One way to optimize the collection of info-hashes is to consider any info_hash argument in a get_peers request to be a potential torrent. If receiving significantly more get_peers requests, either we’ll have a lot more work to do to connect to them all and look them all up, or we have to disregard all get_peers requests (for the purpose of collecting info-hashes). This would leave us with just announce_peer, sent directly to us. This significantly limits the reach of each eavesdrop node in the network, and we would probably need more of them.

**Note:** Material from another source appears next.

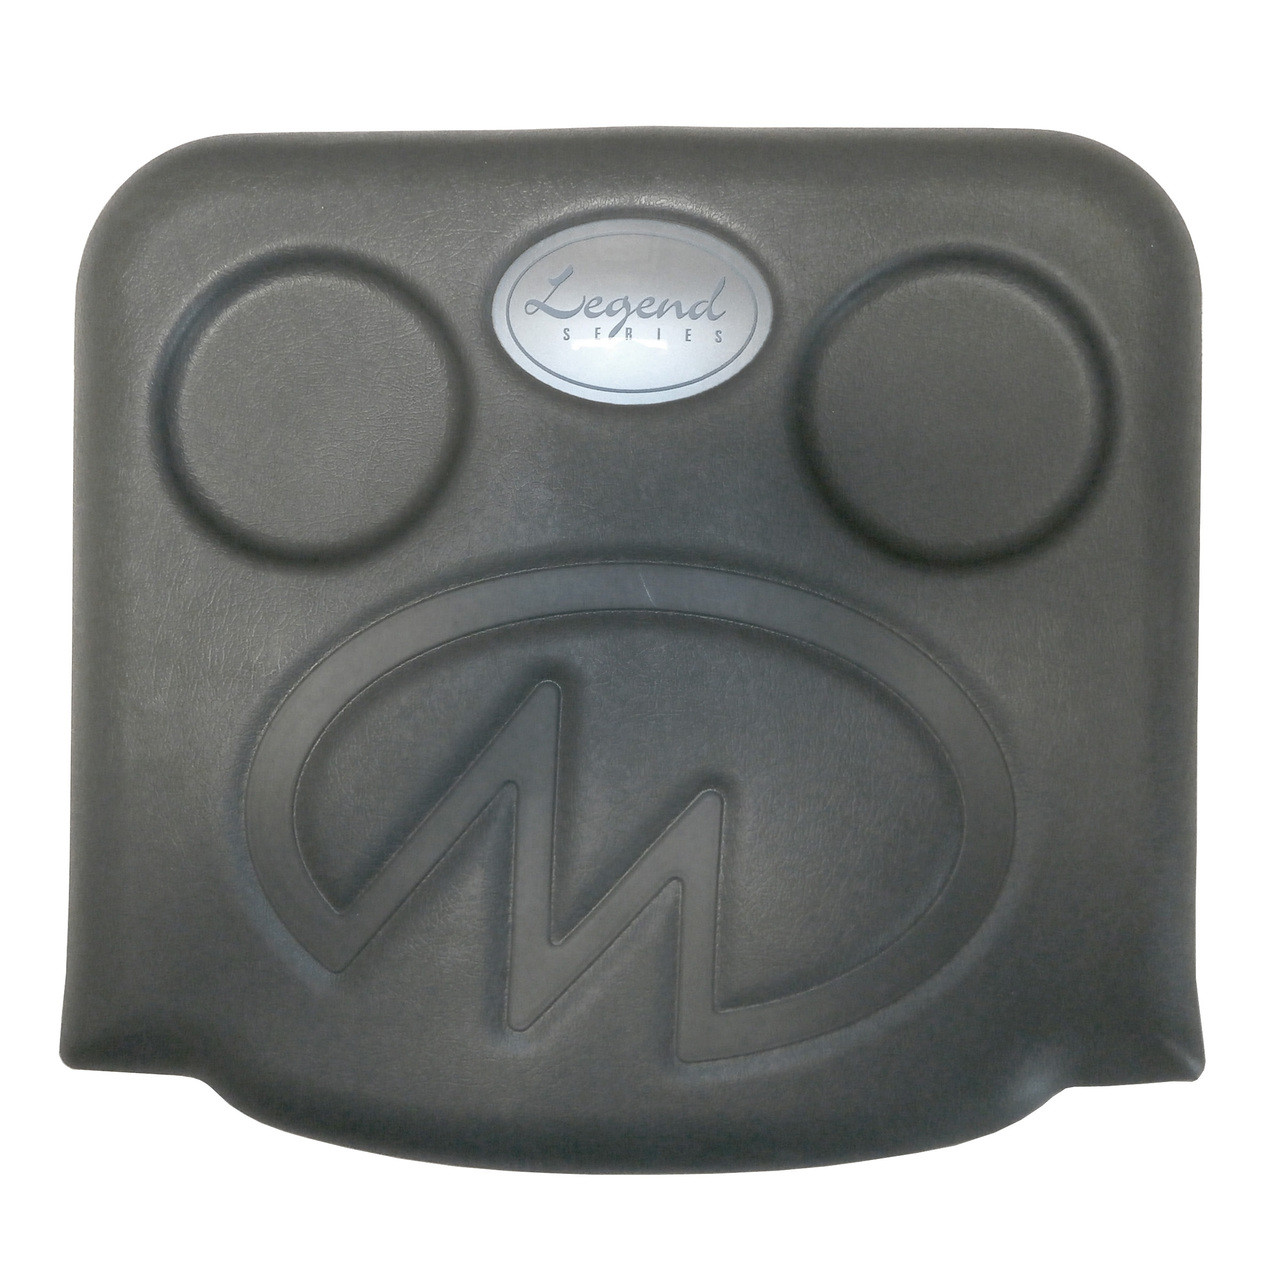 Master Spa - X540745 - Filter Lid - Legend Series LSX 557 Charcoal Filter Lid (X540745)
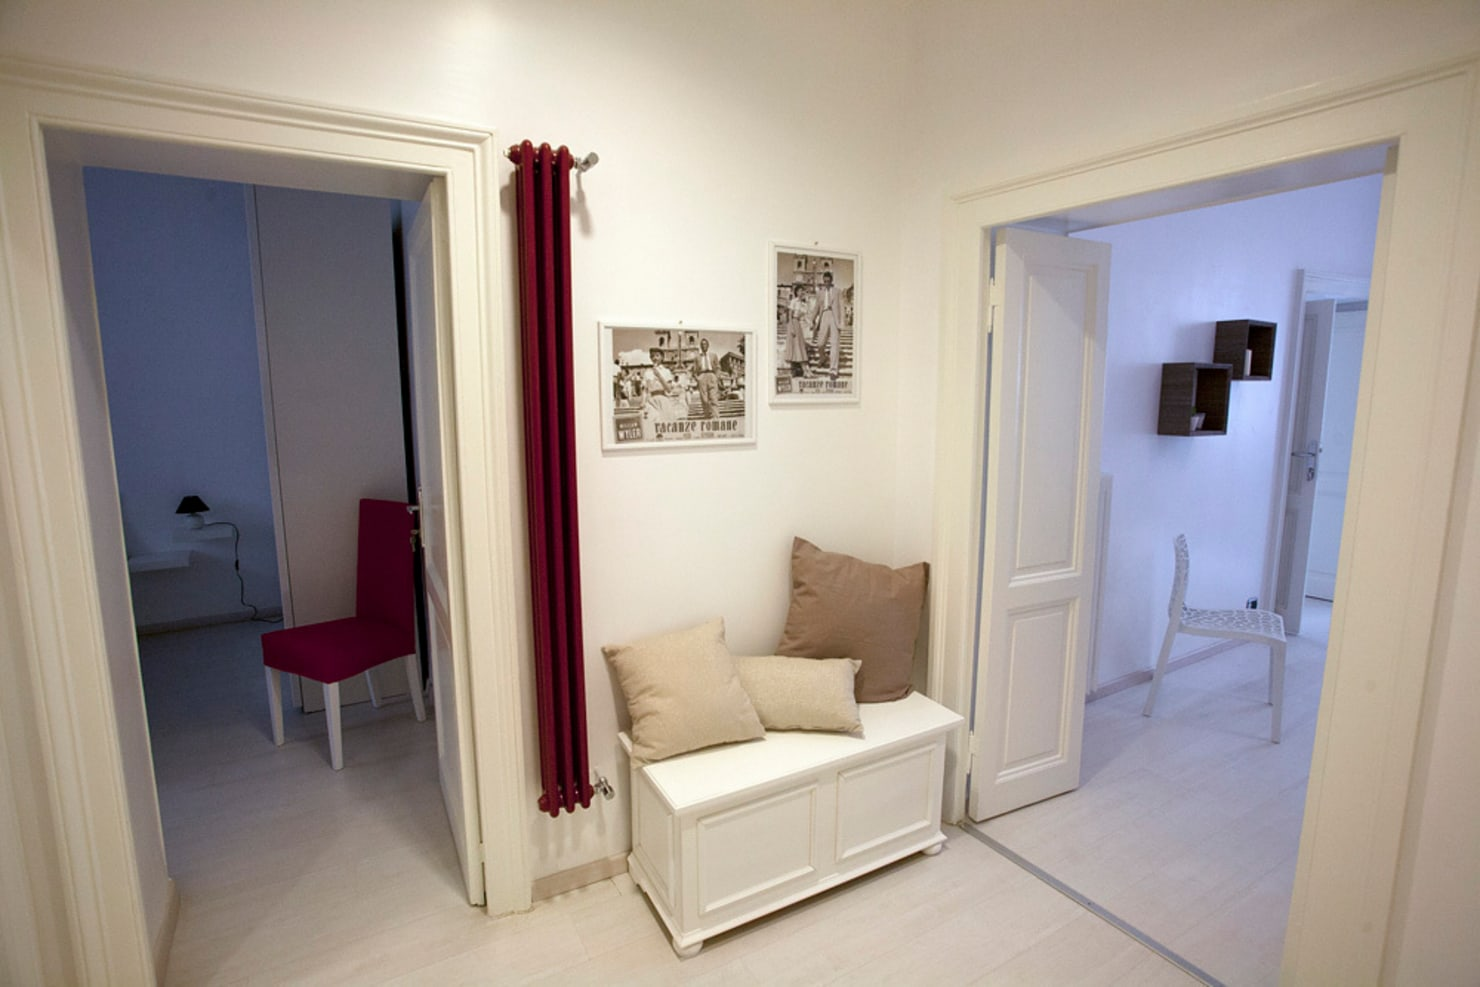 Un apartamento pequeño con muchas ideas para inspirarte

We can take this one step further. Whenever we ping a node (using a get_peers request) we generate a random ID to use as the target/info_hash. Instead of using a completely random ID, generate something that looks random but still has a recognizable property.
For instance, use the penultimate word of the random ID, combine it with a secret session key and hash it with SHA-1. Put the first word in the digest as the last word in the ID.
Node IDs in the BitTorrent DHT are 160 bits, 20 bytes or 5 words. The DHT is not big enough to even need the full 32 bits of the first word for routing, so word 1-4 can be used for anything without affecting routing (as a side note, for topics of the first word, see this post).
With this scheme, if the bittorrent engine ever receives an incoming connection handshaking with an info-hash that has this signature / property, it’s a safe assumption that peer learned about it by snooping the DHT, and we can ban that IP.